# Saiga Conversion specialist Needed!?



## Joe.K.Sr (Apr 21, 2009)

I have found good prices at Uber's for a "stock" Saiga AK47......I would like to pay someone locally to make the conversion to a fully compliant AK, which will take ak mags.

Is there someone out there that has done this successfully / expertly, and would give me an estimate!?

Rather pay one of you guys then send the money elsewhere!

Joe. K. Sr.:001_huh:


----------



## Joe.K.Sr (Apr 21, 2009)

*Saiga Conversion Specialist Needed!*

I found a good price at Uber's for an new, "stock" Saiga AK.
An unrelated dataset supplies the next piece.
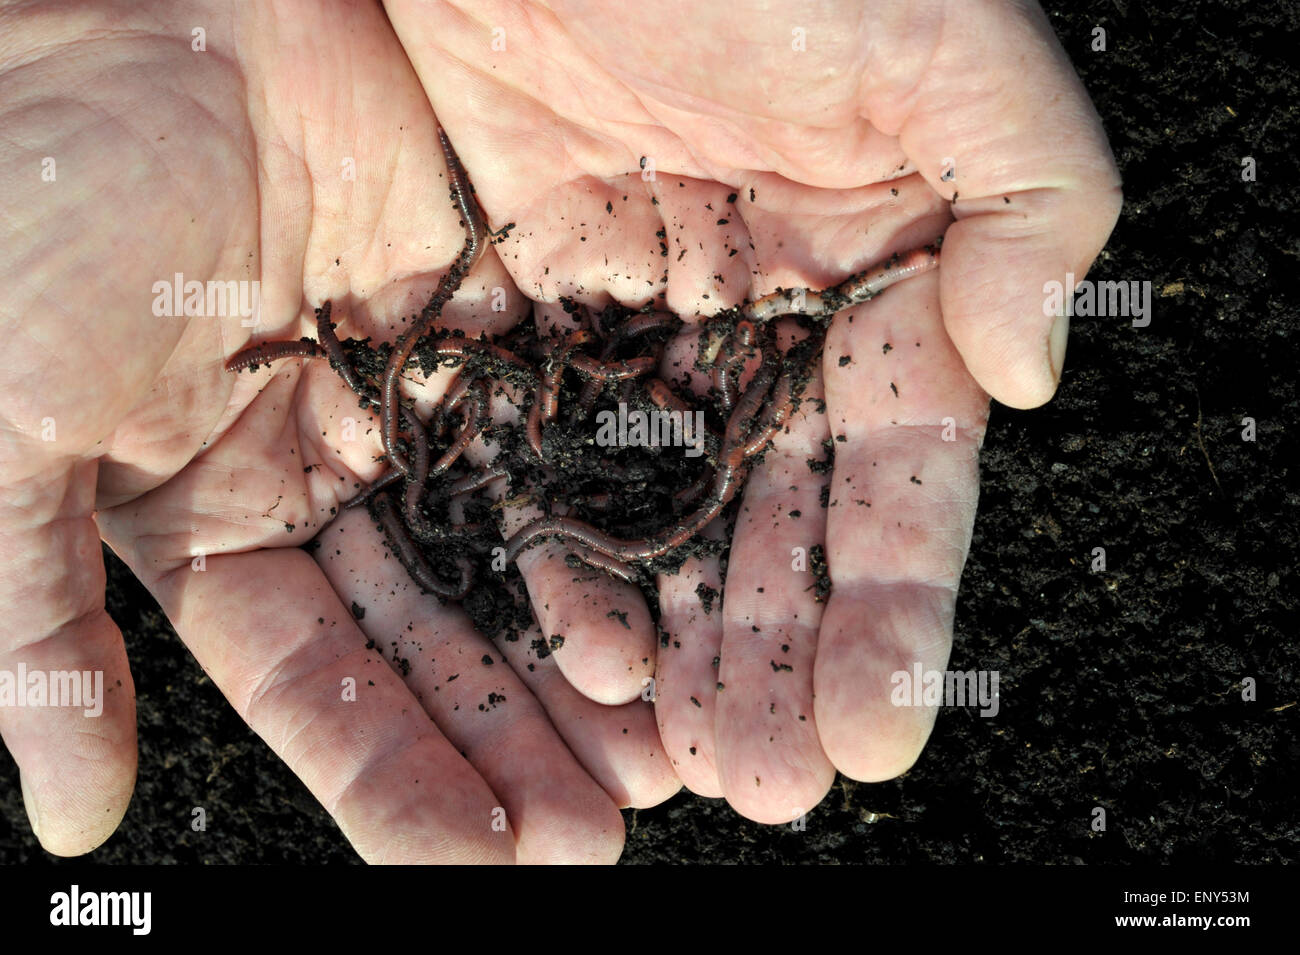 Compost and worms in the hands of a gardener. Stock Photo

I would like to pay some one to convert it to a spec. compliant ak which will take ak mags.

Is there a "Master Craftsman" (lol!) out there who has done this and is interested in giving me a "cash-price estimate" ?

Just sayin!!!!

Joe K. Sr.:001_huh:


----------



## TheMech (Jul 9, 2011)

If you do all Tapco parts you are looking at about $100, but you should be able to beat these prices. This is a ball park price. Assuming you can modify the original trigger guard and mag release to work, and make a bullet guide. 
trigger group 30
stock 30 
Piston 15
pistol grip 15
pistol grip srew 10
The Mech


----------



## saku39 (May 11, 2010)

The guy DWC on here has a 308 for $400

good price, honestly its more expensive to convert a saiga than its worth *unless* you go with the 12g or the 308, since you cannot already but them converted

The 7.62x39 will end up costing more than buying a converted saiga from a dealer, plus if you want it to be perfect youll have to have the reciever refinished underneath after conversion


----------



## Joe.K.Sr (Apr 21, 2009)

Thanks-A-lot!
Does DWC still have it for sale? And, how do I get in touch with him?


----------



## Joe.K.Sr (Apr 21, 2009)

*Thanks Mech.!*

Thanks Mech......got me thinking!!!!


----------



## FlFrayedKnot (Feb 15, 2009)

PM sent Joe.


----------



## GoneCoastal (May 1, 2008)

Basic conversion I did myself.


----------